Health Ratio 2021-01-14 08:00:00

Health Ratio

A health ratio, also known as an occupancy cost ratio, is the relationship between a retailer’s sales and total occupancy costs. A retailer’s health ratio for a given location is calculated using the formula of total annual rent (inclusive of reimbursements) of the location divided by its gross annual sales for that location.

For example, if a tenant has an occupancy cost of $150,000 and generates gross annual sales of $1,200,000 from the location, then the tenant’s health ratio would be 12.5% ($150,000 occupancy costs divided by $1,200,000 gross sales). Note that “healthy” health ratios can differ by type of tenant and sales per square foot.

An acceptable health ratio for a grocery store, which is typically a low margin business, is often 2.0% or less, whereas a jewelry store, which often generates high sales dollars per square foot, may have an acceptable health ratio of 14.0% or greater.

The health ratio is just one of many performance metrics that both tenants and landlords can utilize and plot over time to determine trends. Plotting the health ratio can reveal if a tenant’s sales are slipping compared to its fixed rent cost. If that is the case, the tenant will need to increase sales or look for a lower-cost location.

The landlord can also make adjustments based on health ratio trends. If the ratio is increasing, but rent is staying constant, it means the tenant’s sales are decreasing. The landlord can closely monitor this increase in the ratio or decide to take action and lower the tenant’s rent. If the ratio is decreasing, the tenant’s sales are increasing. The landlord may increase the tenant’s rent at that point.
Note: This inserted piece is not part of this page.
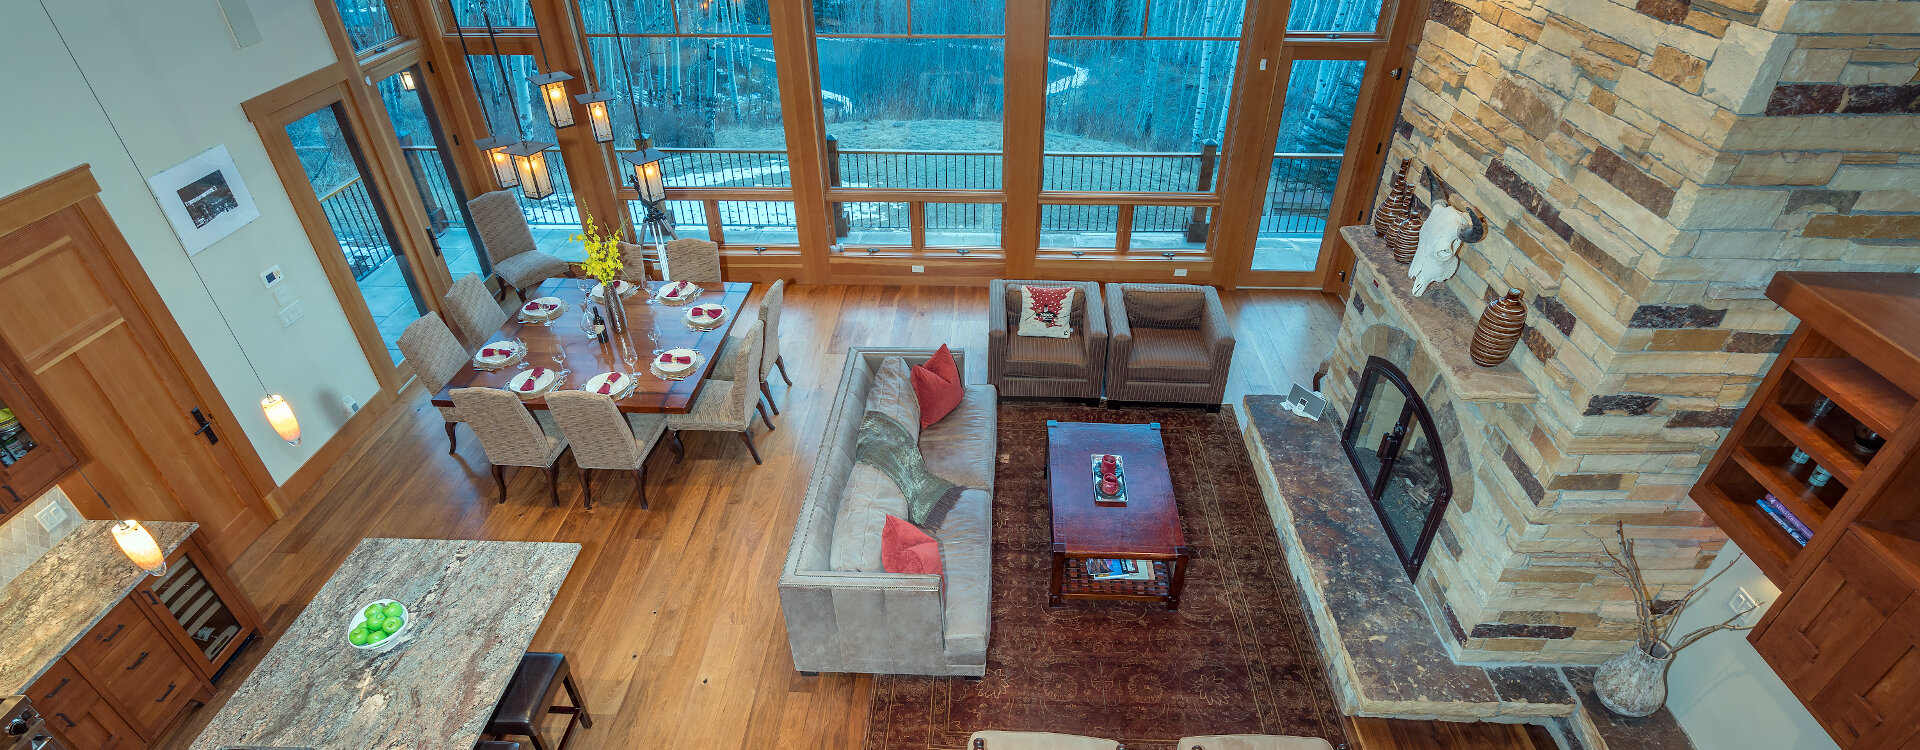 10-Telluride-Grand-Vista-Living-Room-Aerial

If a tenant applies with a high health ratio, it doesn’t necessarily mean the landlord will reject the tenant’s application. There may be other factors to consider, such as the tenant's growth potential. The landlord will want to see that the ratio doesn’t deteriorate over time. If the ratio can remain steady or potentially decline, it likely means the tenant’s growth is strong enough to cover the higher rent cost.